Block quantum code constructed using a tensor-network-based graphical framework from quantum Lego blocks, which are smaller quantum codes over qubits or qudits. The class of codes constructed using the framework depends on the choice of atomic Lego blocks.

The individual Lego blocks and resulting quantum Lego codes can be stabilizer or non-stabilizer. However, both the logical and physical degrees of freedom must have the same local dimension.

For example, any stabilizer code can be built out of atomic blocks like the 2-site repetition code, single-site trivial stabilizer codes, and tensor products of the \(|0\rangle\) state. Specifically, the HaPPY holographic code is a quantum Lego code whose atomic Lego block is the five-qubit perfect qubit code.

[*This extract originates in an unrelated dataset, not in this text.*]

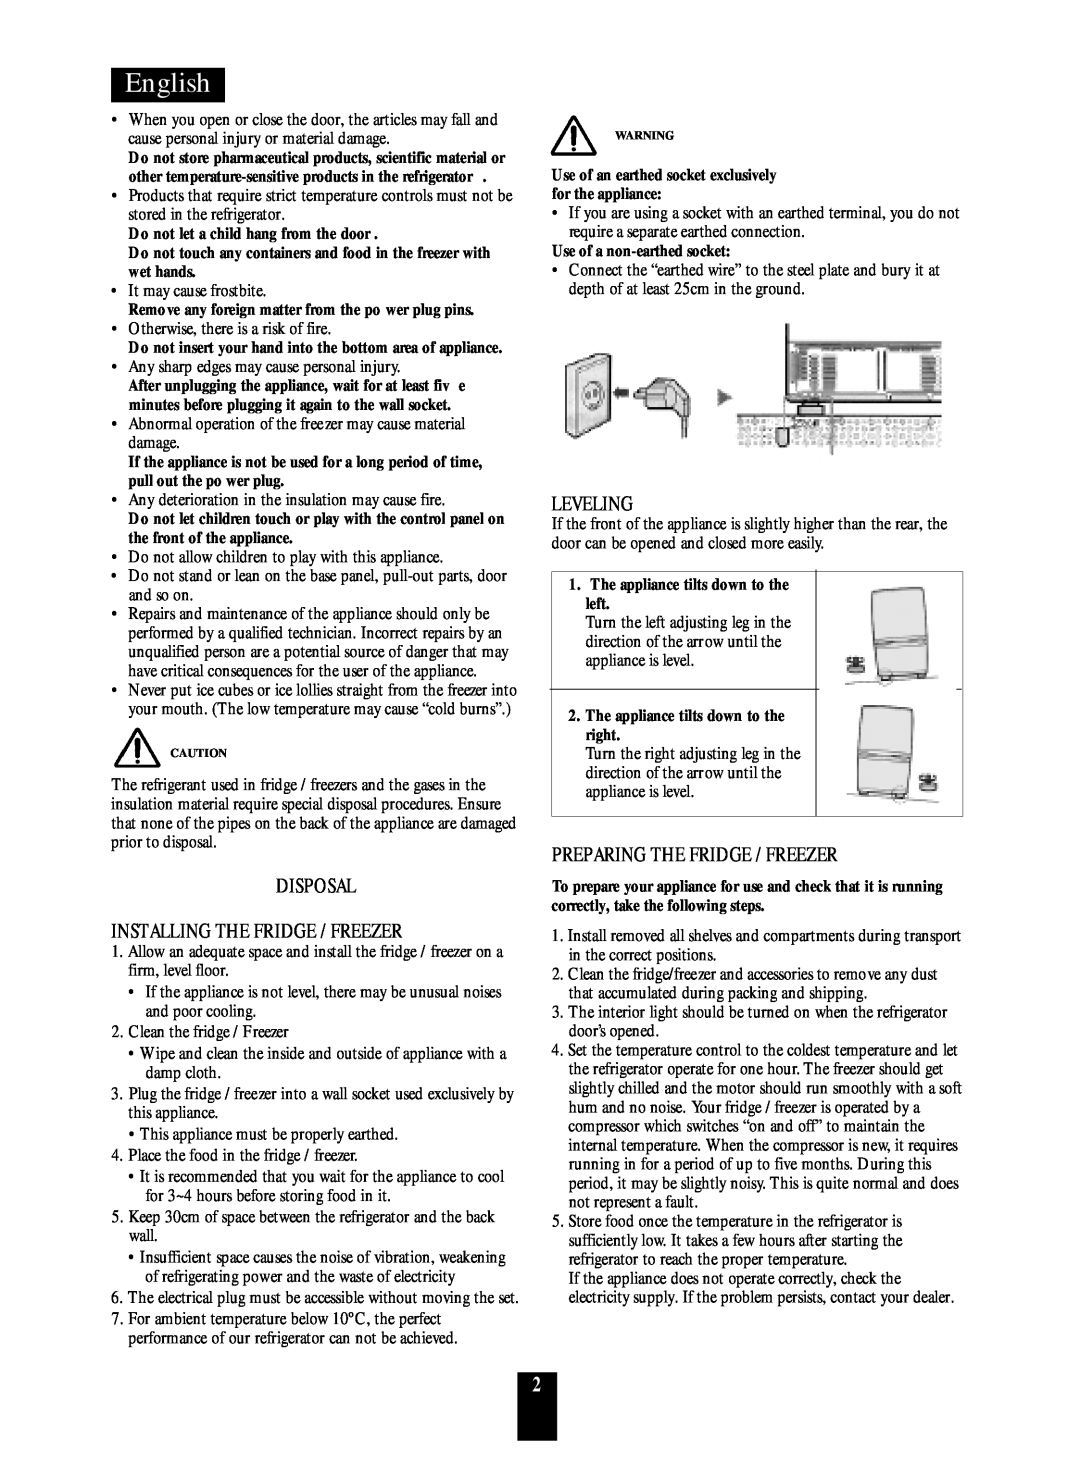 Daewoo ERF-33.M, ERF-36.M manual Disposal Installing The Fridge / Freezer, Leveling, Preparing The Fridge / Freezer, English

Many known codes can be created using this code''s methods in order to further their understanding, including a 6 qubit implementaion of the generalized Bacon-Shor code, the Toric code, and the \([[7,1,3]]\) Steane code. For example, a simple \( [[4,2,2]] \) stabilizer code can be written as a rank 6 tensor. Attaching two of these via gluing together one logical leg from each can produce a \([[6,4,2]]\) stabilizer code. Code optimization in this framework can be done using reinforcement learning [2].

To construct a Lego code, the encoding map \(V\) for each code that is to be used in the construction is converted to a tensor by decomposing it using the formula \begin{align} V = \sum_{i_j} V_{i_1 \ldots i_{n+k}} | i_{k+1} \ldots i_{k+n} \rangle \langle i_1 \ldots i_k |~. \tag*{(1)}\end{align} We then look at the codes graphically, treating each \(i_j\) as an edge dangling out of the tensor vertex \(V_{i_1 \ldots i_{n+k}}\). These edges are either connected to another tensor vertex's edges or left dangling. If the block codes are stabilizer, then each local tensor has unitary product stabilizers (UPS). The goal is to push each UPS through the tensor network until each dangling edge has only trivial support. Otherwise, a matching value is pushed through the edge and the process is repeated on the next tensor. If a UPS can be pushed through the whole network, then a UPS for the larger network has been found. The dangling legs (edges) and UPS of the whole network can then be converted to physical/logical elements and stabilizers/logical operators for a new quantum code.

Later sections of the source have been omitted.